You have full access to this open access chapter, Download conference paper PDF
Similar content being viewed by others
Keywords
1 Introduction
Corner detection is an important problem in many image processing applications including edge detection, object detection and pattern recognition [1]. It is a fundamental step in image processing. Recent years, with the development of embedded devices or high-performance computing, the real-time computing plays a crucial role in many applications, such as video game, communication app and media player. Especially in the area of computer vision, applications always require that the system can be request clients in a few seconds. As an indispensable corner detection algorithm, Harris corner detector has been successfully used in the image processing [25], such as feature selection or edge detection. It is also accelerated based on different strategy or various compute devices. However, much of them ignore the limitations of computing resources like embedded device, and they do not fully take advantage of the heterogeneous architecture.
Over past decades, the performance of computing device has achieved a significant development. Many large-scale computing tasks are benefited from modern processors like GPU, CPU or FPGA. Especially growing in many-core processors, massive algorithms have been parallelled and implemented on the many-core processor which could improve the efficiency of computing [11]. The general purpose computing on GPU pushed the revolution of many applications like machine learning, and more and more algorithms are transplanted to the many-core compute platforms. GPU also push the improvement of machine learning research. Many methods would be benefited from the high-performance of GPU [7, 10, 15, 19,20,21,22, 24].

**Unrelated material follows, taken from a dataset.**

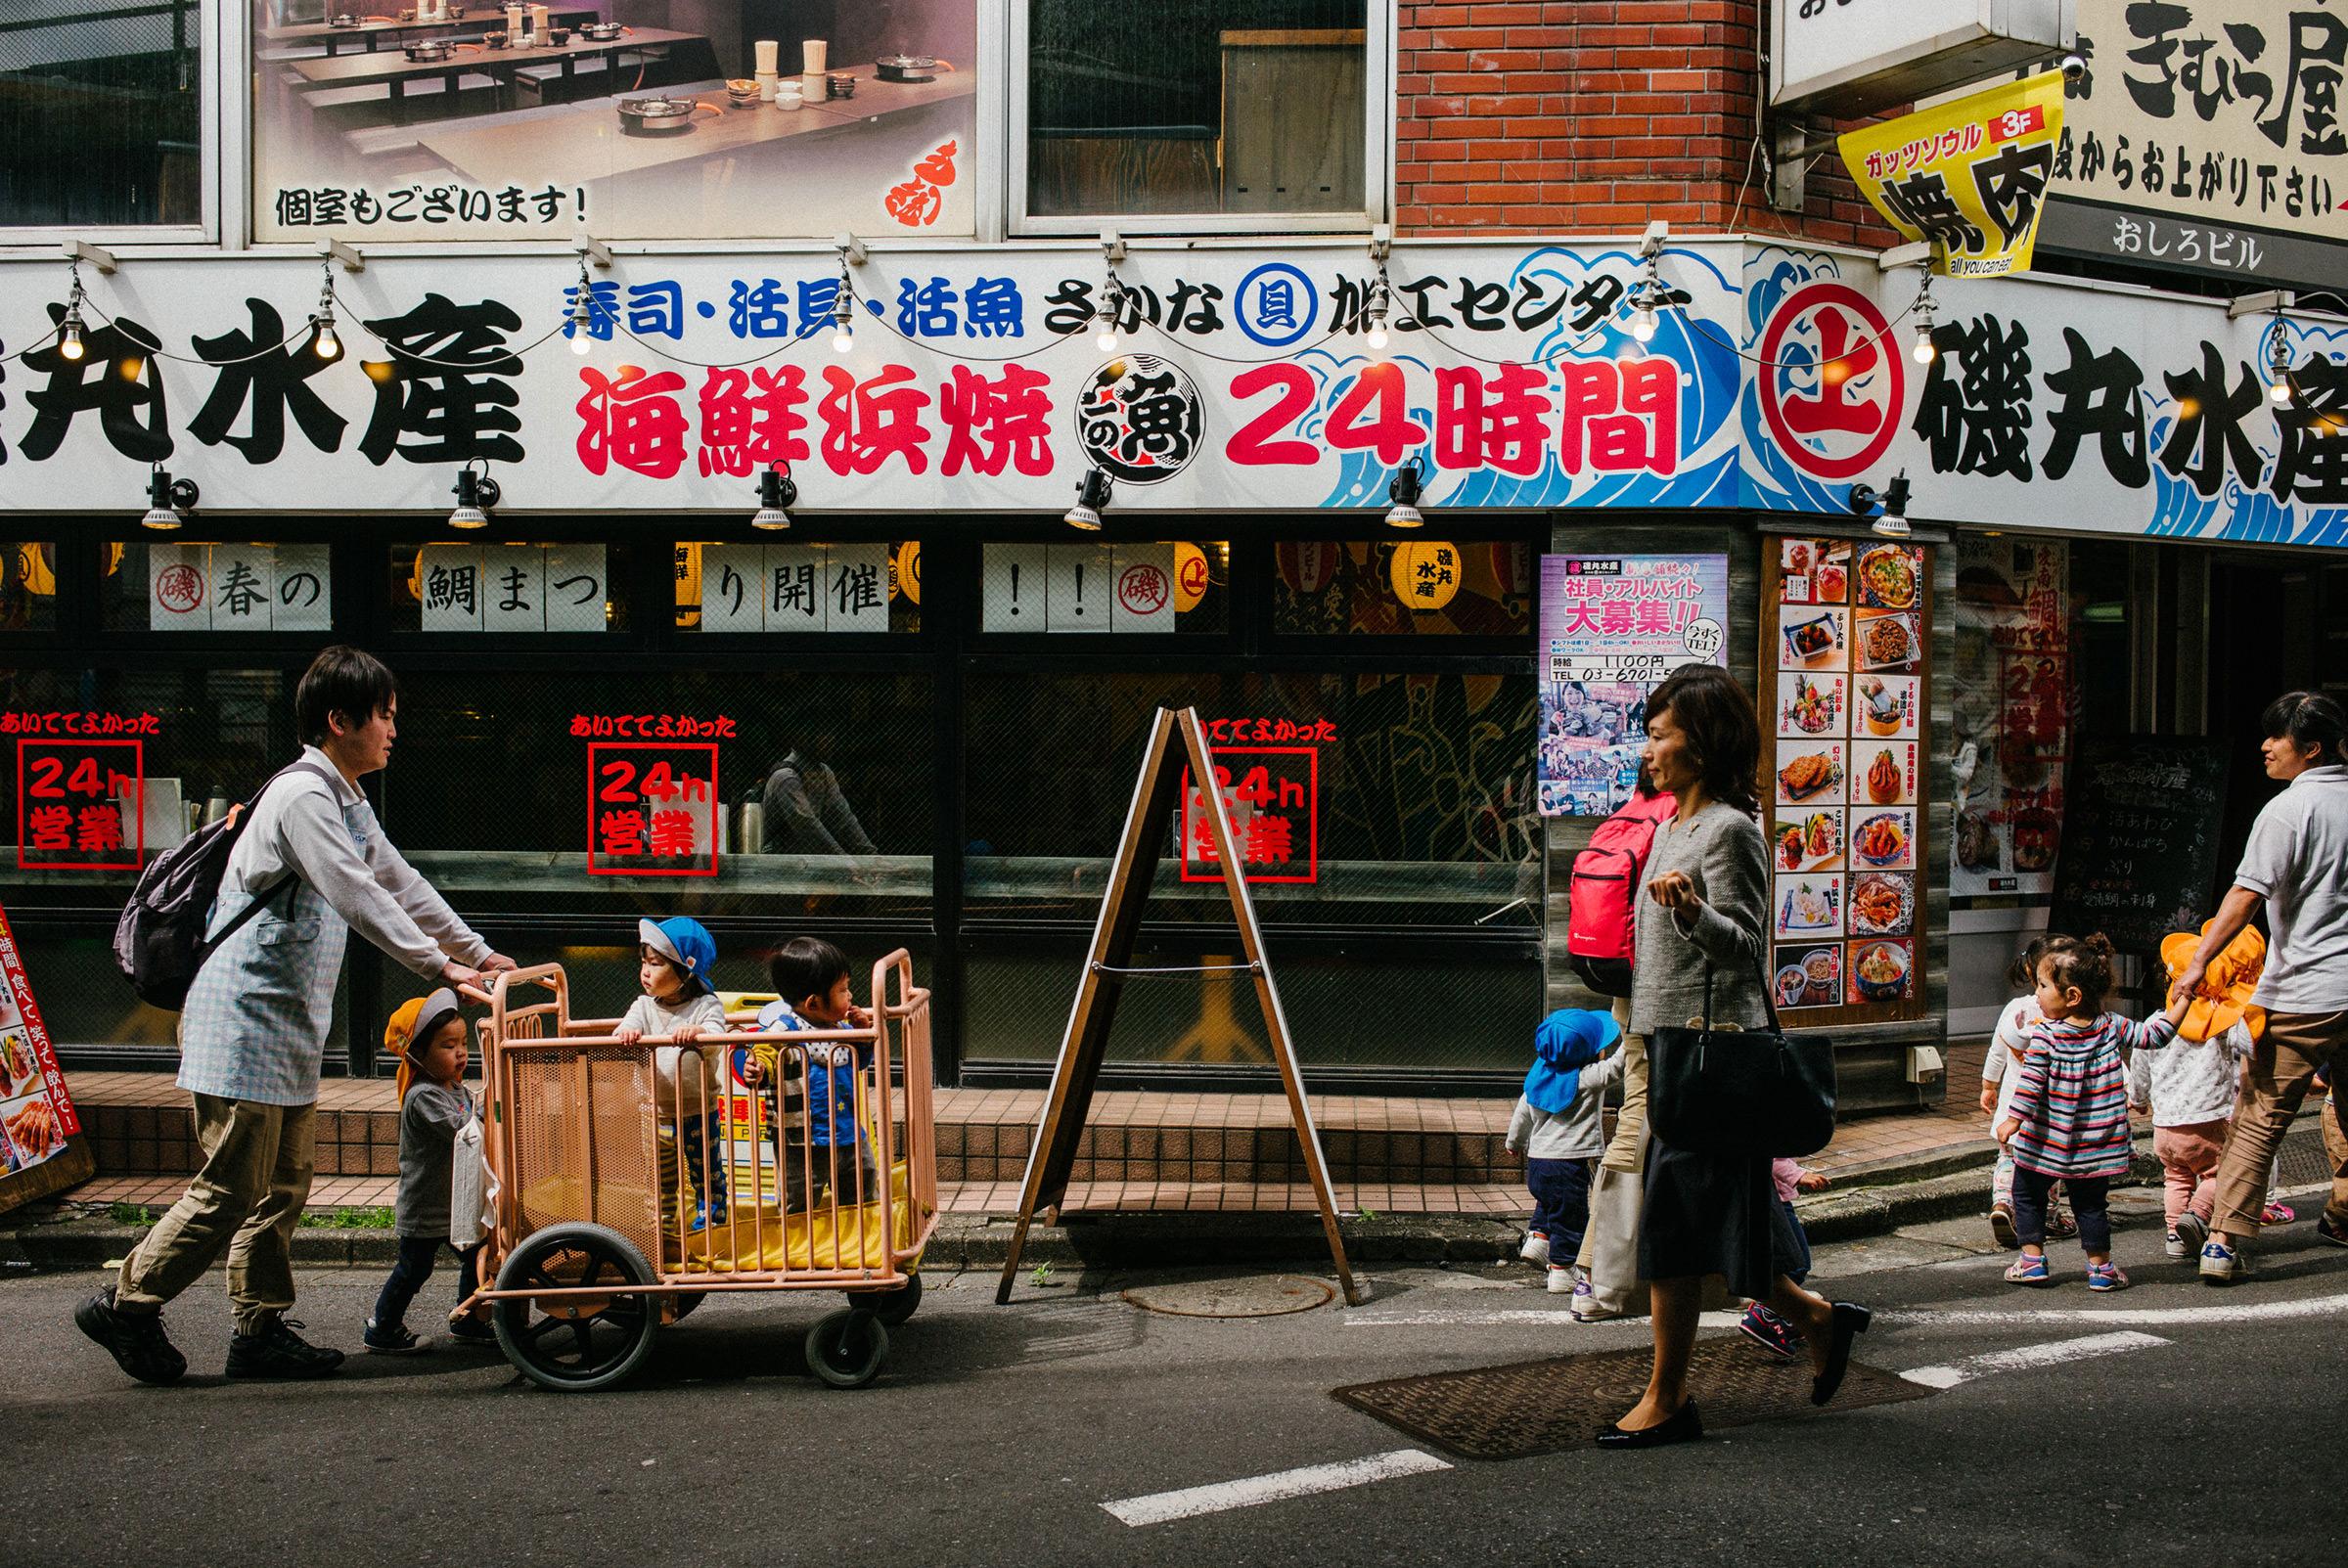 brandon_patoc_travel_japan_worldwide_photographer0003.jpg

However, large-scale computing task is suitable for the host or server devices. For the embedded devices, the limited computing resources cannot satisfy the complexity of massive data processing or the real-time reaction. For example, some image applications on the Android or IOS which should be reacted in a few seconds. Thus, how to fully utilize the limited computation resource is a key problem which is needed to solve urgently. Two types of strategy are used to speed up. One is reducing the complexity of an algorithm, and the other is optimizing based on the architecture of computing device. In real applications, the implementation is always combined this two idea to optimize the software.
In this paper, we parallel the Harris corner detection algorithm and implement it in an environment of heterogeneous architecture which is composed of many-core and multi-core processors. We also adopt some optimization for methods basing on this unique design. We implement the algorithm by OpenCL, which is an open source parallel library working for heterogeneous architecture and it is commonly used in cross computation platforms. Experimental results prove that our implementation is accuracy and efficiency. The rest paper is organized as follow: Sect. 2 introduces the background and Harris corner detection, Sect. 3 makes an instruction of heterogeneous architecture under the cross-platform software library OpenCL and the related work of parallel Harris corner algorithm implementation. Section 4 introduces details of our implementation and optimization. Section 5 lists the accuracy of detection and computing efficiency. At last, we give the conclusion and explanation.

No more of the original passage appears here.